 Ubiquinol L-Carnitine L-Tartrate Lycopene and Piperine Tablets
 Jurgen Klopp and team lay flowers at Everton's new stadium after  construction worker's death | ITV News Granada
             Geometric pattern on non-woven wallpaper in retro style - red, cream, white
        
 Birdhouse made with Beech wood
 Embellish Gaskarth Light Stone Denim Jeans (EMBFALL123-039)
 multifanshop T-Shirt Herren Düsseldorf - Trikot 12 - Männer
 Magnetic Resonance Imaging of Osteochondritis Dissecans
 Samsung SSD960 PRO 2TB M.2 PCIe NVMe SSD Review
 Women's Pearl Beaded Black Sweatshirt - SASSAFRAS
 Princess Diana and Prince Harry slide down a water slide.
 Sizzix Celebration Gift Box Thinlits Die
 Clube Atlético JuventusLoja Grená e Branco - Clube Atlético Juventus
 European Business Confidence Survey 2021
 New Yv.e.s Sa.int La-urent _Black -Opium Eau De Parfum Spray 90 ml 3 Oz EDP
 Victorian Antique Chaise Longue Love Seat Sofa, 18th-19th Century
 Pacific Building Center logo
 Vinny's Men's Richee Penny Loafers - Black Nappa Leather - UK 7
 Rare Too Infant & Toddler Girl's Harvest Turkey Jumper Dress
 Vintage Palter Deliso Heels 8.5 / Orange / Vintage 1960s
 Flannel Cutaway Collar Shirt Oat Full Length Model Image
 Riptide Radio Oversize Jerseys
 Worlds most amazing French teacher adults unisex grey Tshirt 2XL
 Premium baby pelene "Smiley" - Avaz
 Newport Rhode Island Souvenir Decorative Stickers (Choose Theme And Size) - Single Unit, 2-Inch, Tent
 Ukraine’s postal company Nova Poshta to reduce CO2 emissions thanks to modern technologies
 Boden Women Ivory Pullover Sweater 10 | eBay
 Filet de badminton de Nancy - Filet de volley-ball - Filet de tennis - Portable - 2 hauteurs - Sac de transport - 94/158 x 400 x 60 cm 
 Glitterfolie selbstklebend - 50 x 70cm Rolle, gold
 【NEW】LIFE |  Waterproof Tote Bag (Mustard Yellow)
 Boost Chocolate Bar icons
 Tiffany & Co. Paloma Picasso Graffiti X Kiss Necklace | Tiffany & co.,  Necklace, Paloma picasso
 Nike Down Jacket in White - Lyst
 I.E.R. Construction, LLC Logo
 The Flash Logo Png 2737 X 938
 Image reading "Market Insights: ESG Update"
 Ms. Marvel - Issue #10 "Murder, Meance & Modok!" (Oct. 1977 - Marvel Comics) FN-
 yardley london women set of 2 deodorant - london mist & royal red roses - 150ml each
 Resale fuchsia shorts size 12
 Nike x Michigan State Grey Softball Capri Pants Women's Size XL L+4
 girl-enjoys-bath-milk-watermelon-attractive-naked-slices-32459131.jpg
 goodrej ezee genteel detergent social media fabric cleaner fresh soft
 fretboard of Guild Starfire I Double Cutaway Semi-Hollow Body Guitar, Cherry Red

▸ **Task statement**
The word "Cutaway" appears in some lines of the data. Copy every one of those lines.

▸ **Result of this task**
 Flannel Cutaway Collar Shirt Oat Full Length Model Image
 fretboard of Guild Starfire I Double Cutaway Semi-Hollow Body Guitar, Cherry Red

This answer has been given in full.